American's last argument in support of its motion to strike is that it did not breach its duty to defend the Pecis. In ruling on a motion to strike, the court must construe the facts in the pleading in a manner most favorable to the nonmoving party, and if the facts provable under the pleadings would support a defense or a cause of action, the motion to strike must fail. Rowe v. Godou, 209 Conn. 273, 278, 550 A.2d 1073 (1988). Moreover, the issue is not whether the special defenses or counterclaim will prevail at trial, or even whether the defendant's claims can survive a motion for summary judgment. The issue is whether the facts which might be admitted into evidence under the special defenses and counterclaim are sufficient to establish a defense or cause of action. If so, the motion to strike must be denied.Smathers v. Champion International Corp., Superior Court, JD of Stamford/Norwalk at Stamford, DN. 88-94690 6 Conn. L. Rptr. 871 (June 3, 1992) (Rush, J.), see also Levine v. Bess and Paul Sigel Hebrew Academy of Greater Hartford, Inc., 39 Conn. Sup. 129, 132, 471 A.2d 697 (Super.Ct. 1983) (in ruling on a motion strike, it is immaterial whether the plaintiff or defendant will be able to prove their claims at trial).
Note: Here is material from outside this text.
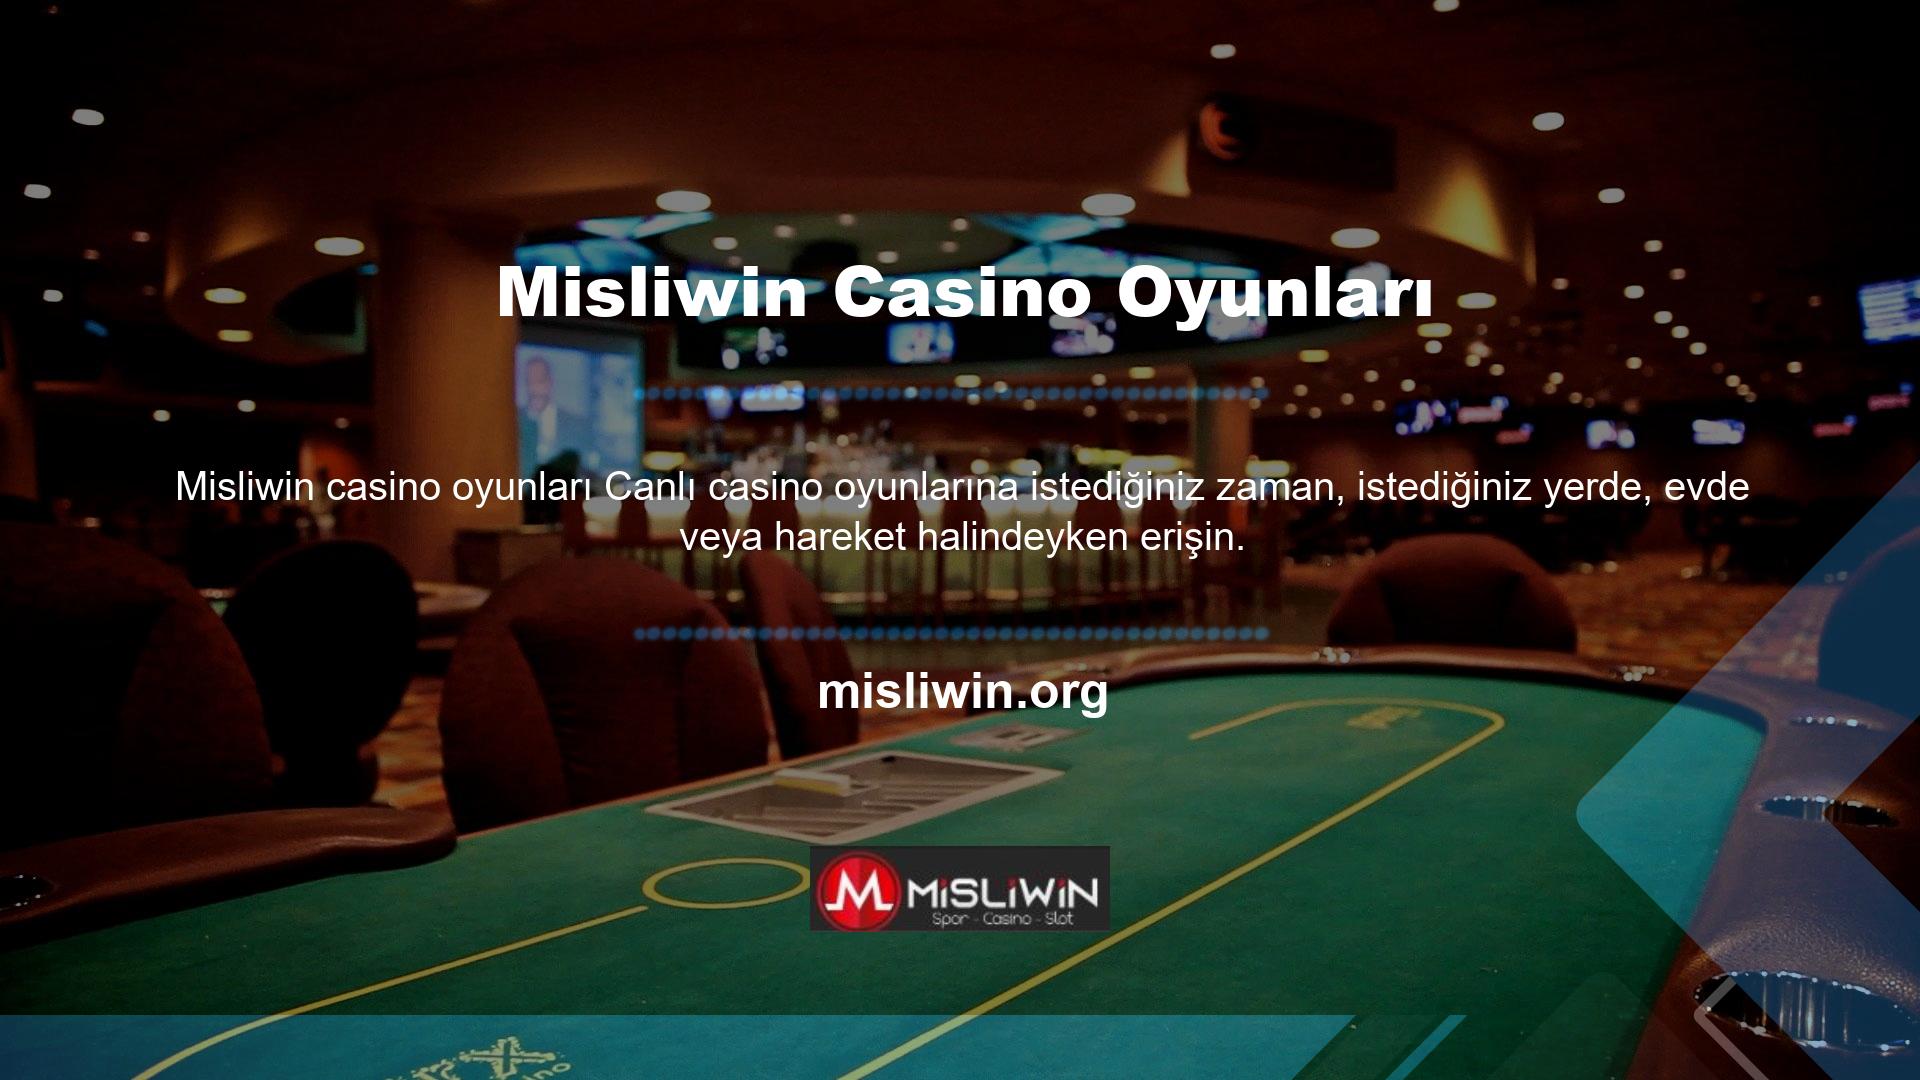 Üstelik casino bonusları ve Misliwin tarafından sunulan aktiviteler ile kazanma şansınızı arttırabilirsiniz
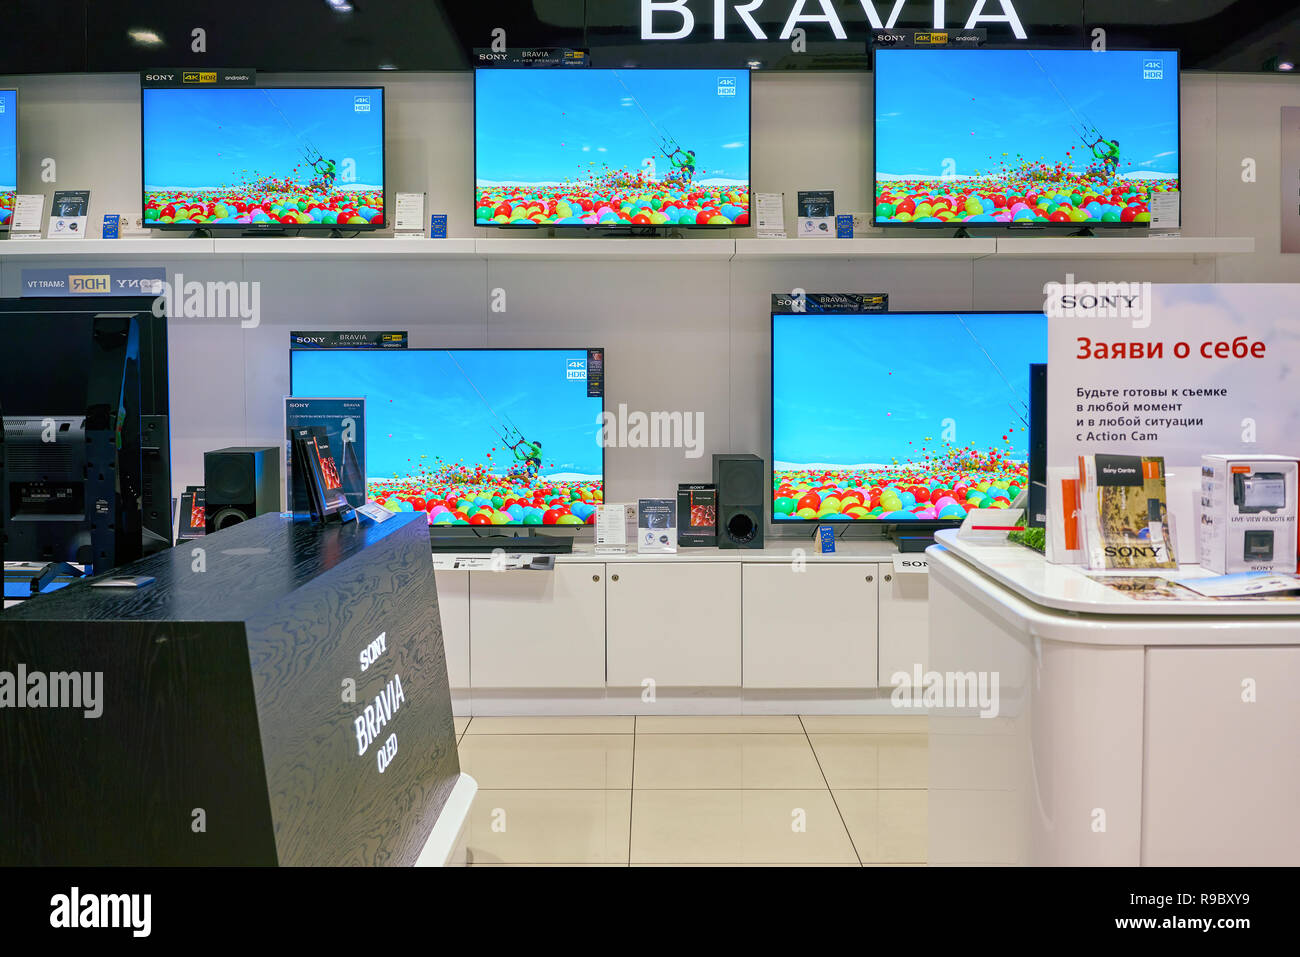 SAINT PETERSBURG, Russia - circa maggio, 2018: merci sul display di Sony store nella Galeria Shopping center. Foto Stock

In his two special defenses, Achilles has properly pleaded the allegations of breach of contract and waiver. Special defenses are appropriate where they allege facts which are consistent with the complaint but show, notwithstanding, that the plaintiff has no cause of action. Practice Book, Sec. 164. Achilles' defense that American breached the contract would establish that American has no cause of action, as would proof of Achilles' defense of waiver. See DelVecchio v. DelVecchio, 146 Conn. 188, 195, 148 A.2d 554 (1959) (waiver is a proper special defense).
Further, in the counterclaim, Achilles requests the court to declare the rights of the parties as they relate to the underlying contract of insurance. This is cognizable claim. SeeHoly Trinity Church v. Aetna Casualty Surety Co., supra, CT Page 8315 214 Conn. 216 (declaratory judgment action proper to determine obligations under policy of insurance); see also Wynn v. Commercial Union Insurance Company, supra, 12 Conn. L. Rptr. 52 (same).
Therefore, the court denies American's motion to strike the special defenses and counterclaim based on this argument as well.
Based on the foregoing, the court denies American's motion to strike.